Although all of the above provide satisfactory bond strength, the most desirable bond is obtained with the liner formulation according to the present invention. When using TDI-Chlorocene thin coating,
The bond life, ie, the time interval between washcoat application and propellant casting, is only a few hours, regardless of the humidity to which the liner is exposed. The non-hazardous time of casting propellant onto the liner in accordance with the present invention is illustrated by the following test. The liner of Example 6B was tested for extended bond life as shown in the table below.

【table】

[Table] For two propellants (Table V, Table 8 and Table 7, Table 7) Bond life (time that the hardened liner remains intact before the propellant is cast)
is at least 10 days with humidity as high as 50%RH. The extended bond life is a significant advantage in rocket motor manufacturing, since the liner time schedule does not have to be related to the propellant time schedule, and the propellant can be stored for a significant period of time before being cast. This is because it is possible. It is understood that only the preferred embodiments of the invention have been described and that numerous substitutions, modifications and improvements may be made without departing from the spirit and scope of the invention as defined in the appended claims. It should be.

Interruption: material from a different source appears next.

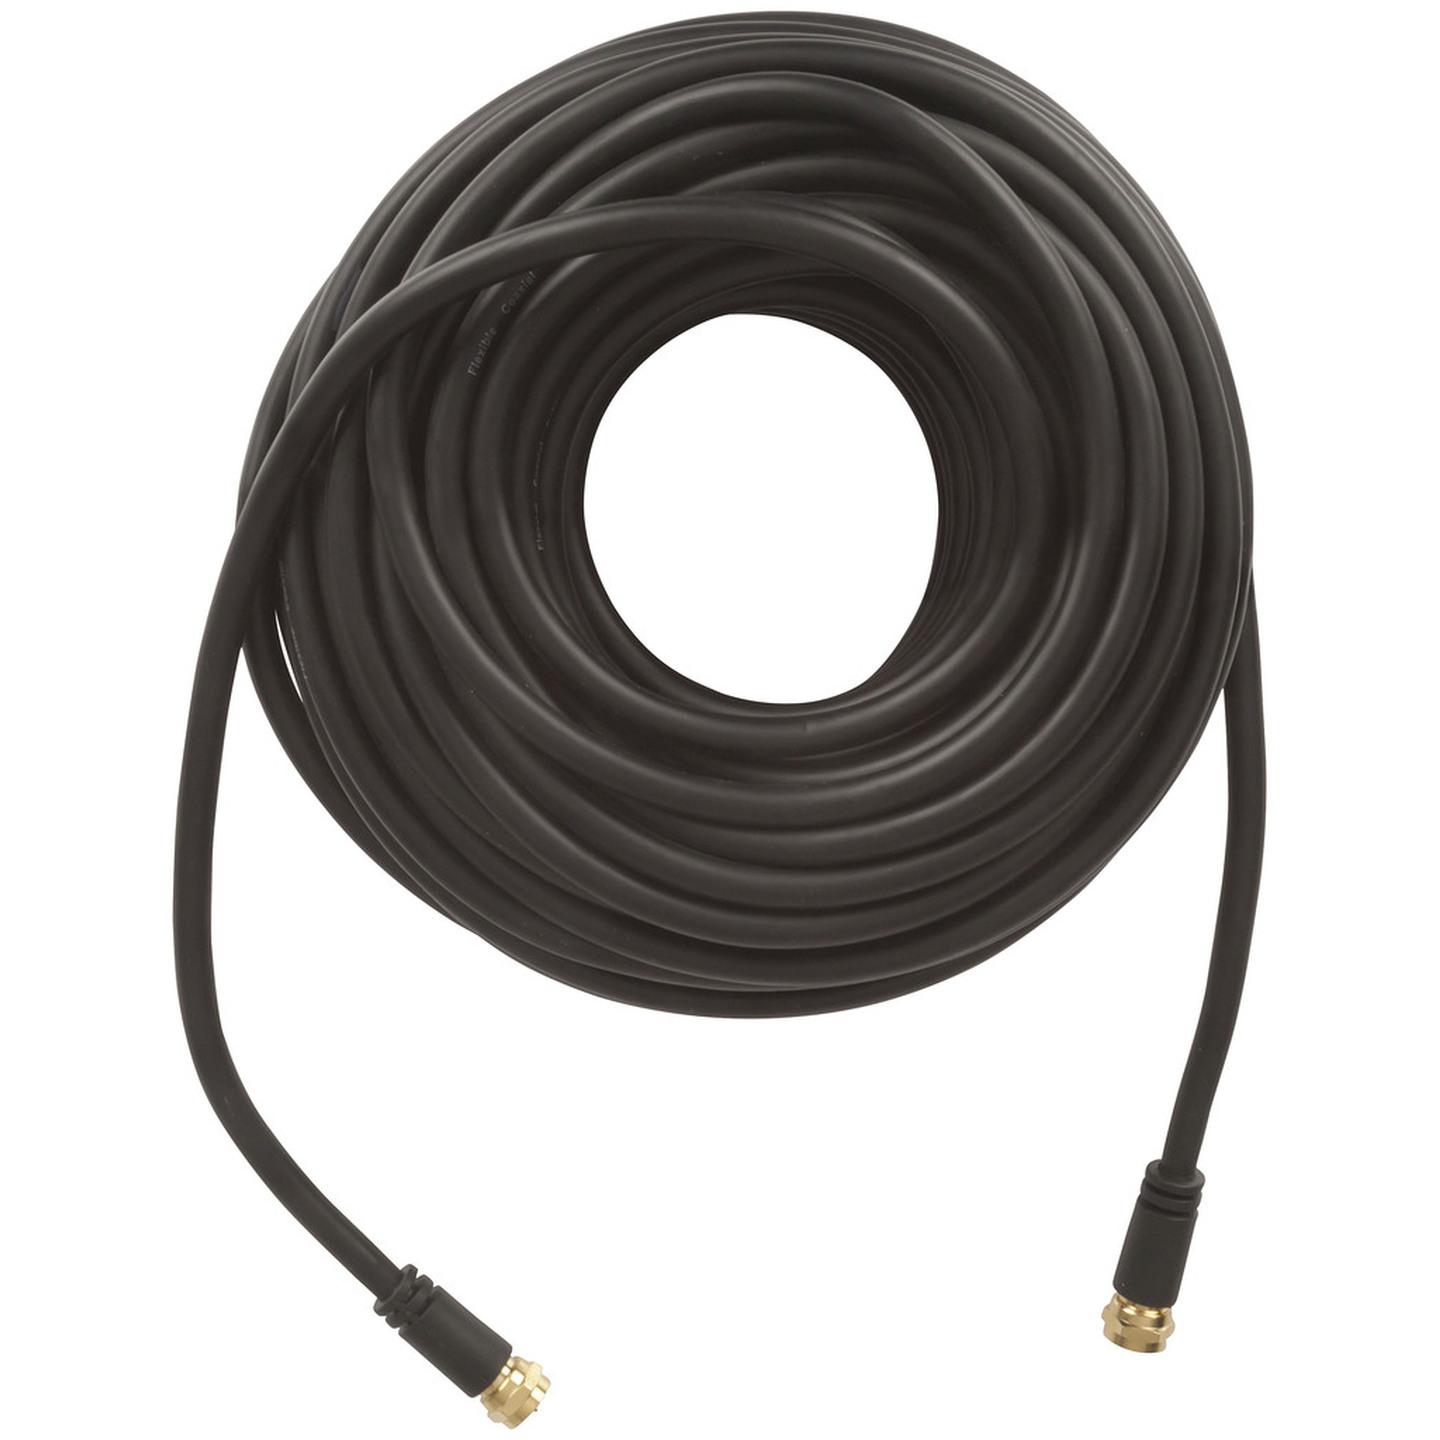 Concord 20m Flexible F Plug to F Plug Coax Cable

[Brief explanation of the drawing]

Of the accompanying drawings, FIG. 1 is a cross-sectional view of a conventional solid propellant rocket motor; and FIG. 2 is a cross-sectional view of a rocket motor in accordance with the present invention.

Claims (1)

Claims: 1. In a composition for use in a rocket motor chamber liner using a polyurethane propellant, expressed in parts by weight, from 20 to 65 parts liquid hydroxyl-terminated prepolymer, from 15 to 35 parts unsaturated. active solid filler, 4 to 10 parts stabilizer and flow control additives, 3
~20 parts of a reactive polymeric modifier such as one or more diols or polyols, an equivalent amount of polyisocyanate sufficient to react with the prepolymer and hydrogen-substituted modifier, and a greater than stoichiometric excess. 1.5 to 5 parts of a stable isocyanate precursor, wherein the isocyanate precursor has the formula: (wherein R is the same or different and is an aliphatic or aromatic group containing at least one -NCO group, and n represents an integer of 0 or 1). A liner composition characterized by being an isocyanate dimer or trimer. 2. The composition of claim 1, wherein said precursor is solid up to a temperature of 150°C. 3. The composition according to item 1 above, wherein R is lower alkyl or aryl. 4 The precursor has the formula, The composition according to the above item 1, which is an isocyanate dimer selected from the compounds of the following formula (wherein R ² is arylene, alkylarylene, or arylalkylene). 5 the precursor is toluene diisocyanate,
5. The polyurethane composition according to item 4, which is a dimer of a member selected from the group consisting of 4,4'-diphenylmethane diisocyanate and bis-phenyl diisocyanate. 6. The polyurethane composition according to item 4 above, wherein the precursor is a dimer of toluene diisocyanate. 7. The method of claim 5, comprising at least one polyol and a sufficient amount of polyisocyanate to react with the polyol, and wherein the precursor is present in a superstoichiometric amount for curing. Composition of. 8. The composition according to item 7, wherein the polyisocyanate is toluene diisocyanate. 9. The composition of paragraph 1, wherein the prepolymer is a conjugated diene polymer having an equivalent weight of 1000 to 5000 and a functionality of 1.7 to 3.0.